If you want the absolute most bang for your buck, you want Amazon's Fire TV Stick 4K, which is currently the cheapest 4K streaming player at just $50. And if you have more to spend, Amazon has some unique offerings in the Fire TV Cube, which adds voice controls to your entire home entertainment center, and Fire TV Recast, which records live TV so you can stream it later — both features you won't find on any other streaming media player.

All Fire TV models work with Alexa, making them convenient additions to Alexa- and Echo-powered smart homes. Most come with an Alexa voice remote that let you press a button to issue voice commands to your TV or your other smart home devices — for example, you could pull up the video feed from your Ring Video Doorbell — but you can also pair your Fire TV with your other Alexa devices, like Echo smart speakers, so you can control your TV just by saying "Alexa, watch Game of Thrones."

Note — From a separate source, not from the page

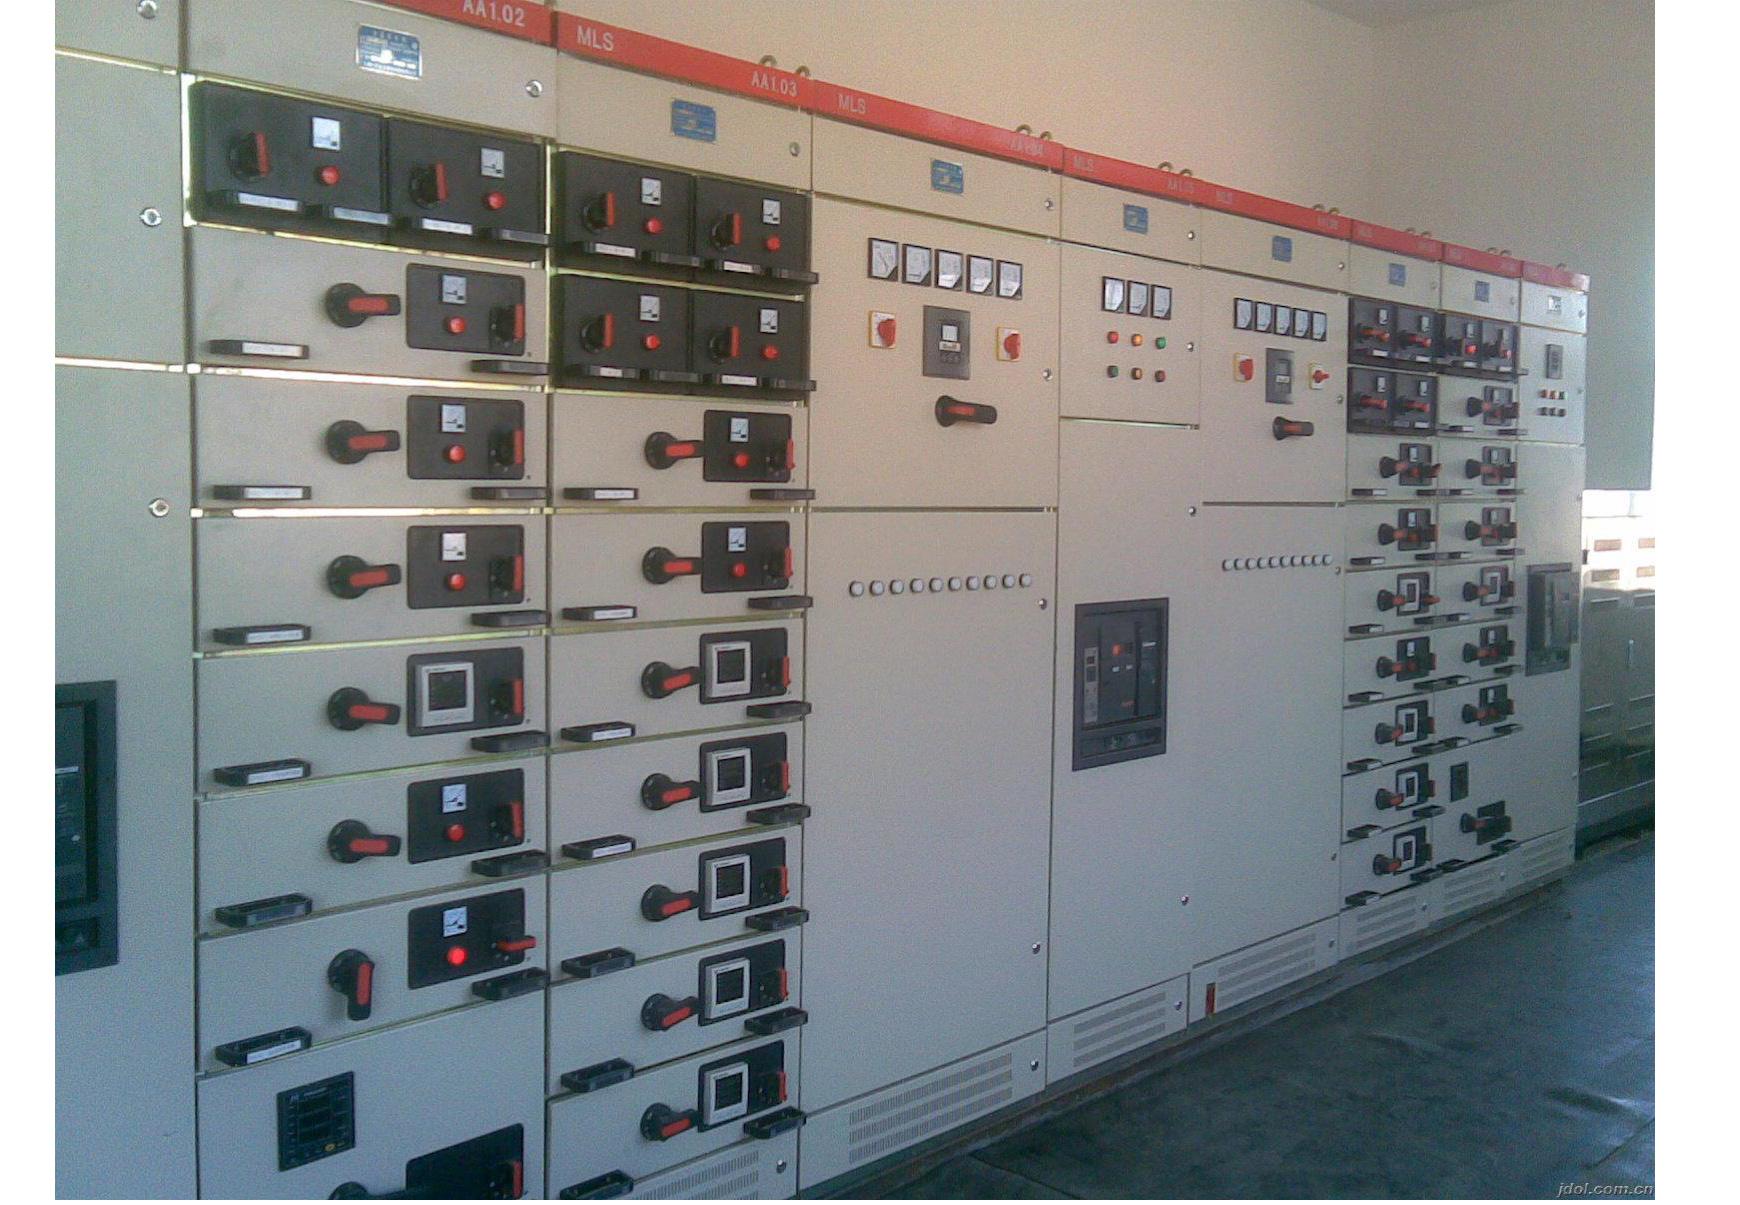 MNS型低压抽屉式开关柜概述: MNS型低压抽屉式开关柜是为满足不断发展的电力市场对增容、计算机接口、动力集中控制、方便安装维修、缩短事故处理时间等需要,参考ABB产品技术设计制造国产化的系列产品。装置适用于发电厂、石油、化工、纺织、高层建筑等行业的配电系统、变电所。在大型发电厂、石化系统等自动化程度高,要求与计算机接口的场所,作为三相交流、频率为50(60)Hz、额定工作电压为380V(400V)、 (660V),额定电流为6300A及以下的发电、供电系统中的配电、电动机集中控制、无功功率补偿等的电
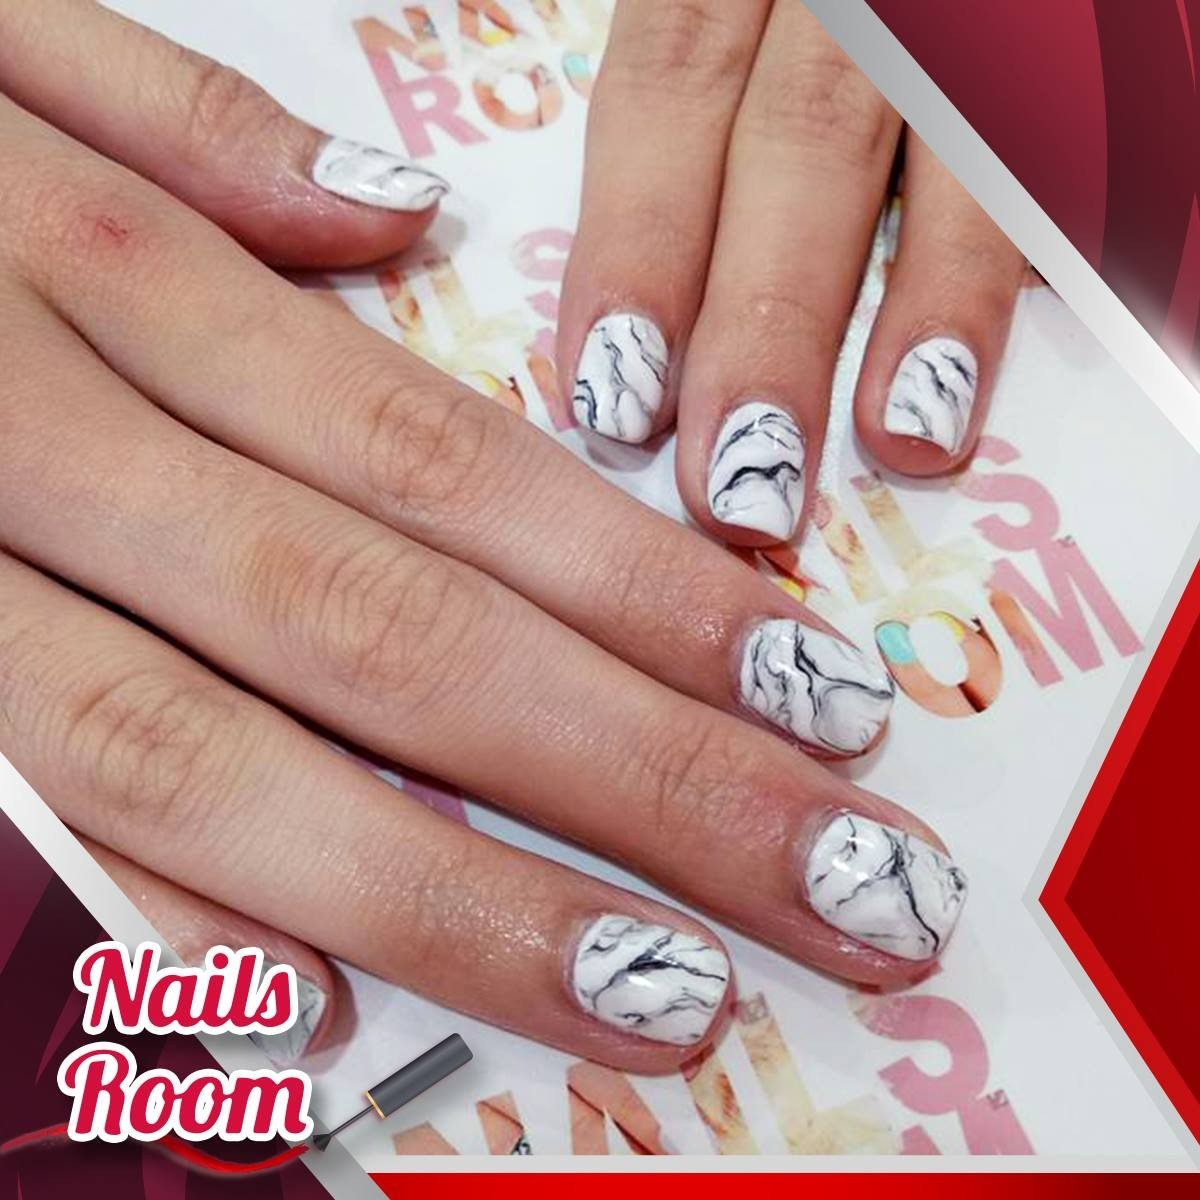 Nails Room BTS พระโขนง

Like the other devices we've listed, Alexa on Fire TV has a universal search that will find content no matter where it is with just a simple voice command. Everything shows up in a single, simple interface, with no need to jump from app to app. In fact, unless you pay attention, you probably won't even realize you're browsing different streaming services. That's as simple as it gets.

But Amazon doesn't just let you watch content, it provides content, and the Fire TV experience will be better for Amazon Prime subscribers. Prime members get access to tons of Amazon video content — including original shows — at no extra charge. On top of that, Prime members can subscribe to additional premium channels like Starz, Showtime, HBO, CBS All Access and a lot more, some at discounted prices. That can be tremendously helpful when it comes to managing your subscriptions: if you subscribe through Amazon, you can manage all of your subscriptions in one place. 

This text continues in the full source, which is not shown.